The reasoning is as follows, say you have 4 items:

``````A
B
C
D
``````

The number of items that can be paired with `A` is 3, or `n-1`:

``````AB
AC
``````

It follows that the number of items that can be paired with `B` is `n-2` (because `B` has already been paired with `A`):

``````BC
BD
``````

and so on...

``````(n-1) + (n-2) + ... + (n-(n-1))
``````

which is the same as

``````1 + 2 + ... + (n-1)
``````

or

``````n(n-1)/2
``````

I was solving this algorithm and get stuck with the pairs part.

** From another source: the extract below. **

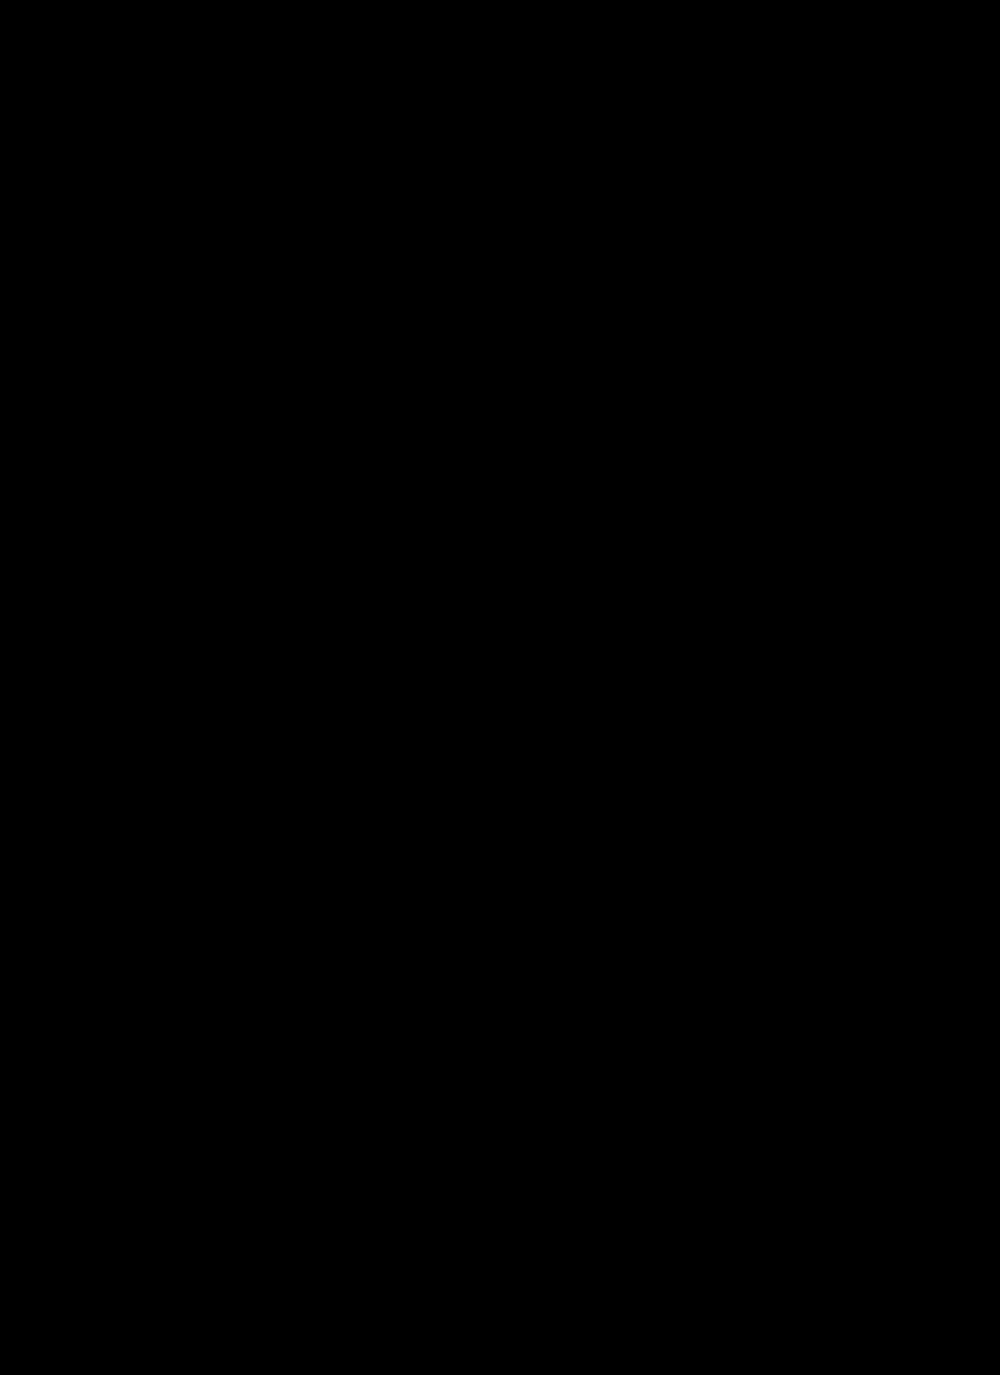 lic-005
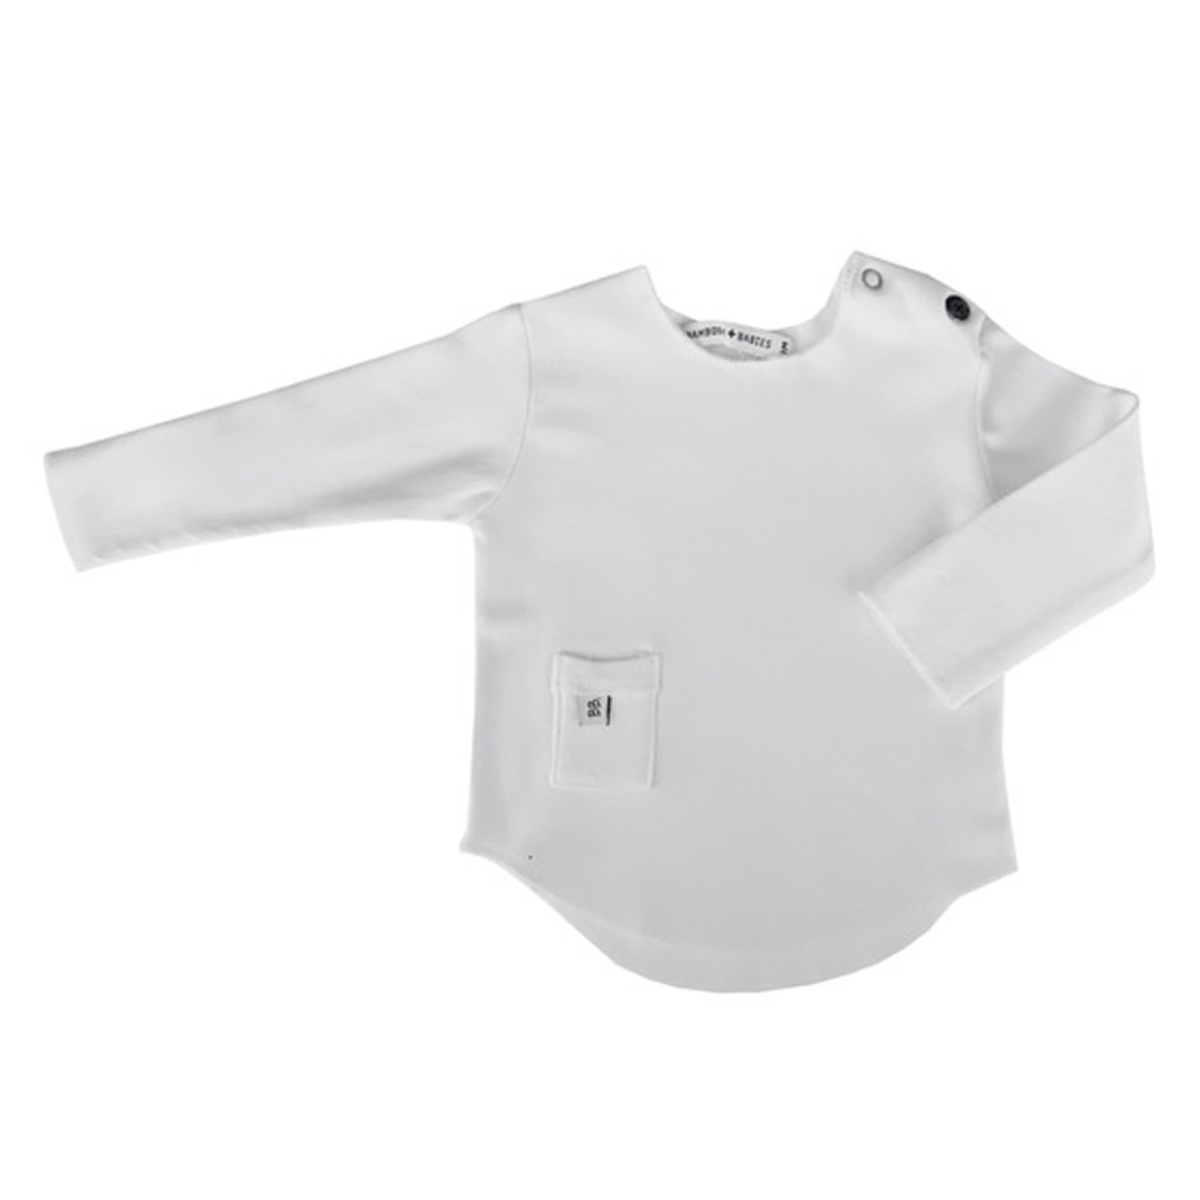 Haut bébé Tee-Shirt Manches Longues Blanc - 9/12 Mois Tee-Shirt Manches Longues Blanc - 9/12 Mois

This explanation help me a lot https://betterexplained.com/articles/techniques-for-adding-the-numbers-1-to-100/

So to calculate the sum of series of numbers:

``````n(n+1)/2
``````

But you need to calculate this

``````1 + 2 + ... + (n-1)
``````

So in order to get this you can use

``````n(n+1)/2 - n
``````

that is equal to

``````n(n-1)/2
``````

What you're looking for is n choose k. Basically: For every pair of 100 items, you'd have 4,950 combinations - provided order doesn't matter (AB and BA are considered a single combination) and you don't want to repeat (AA is not a valid pair).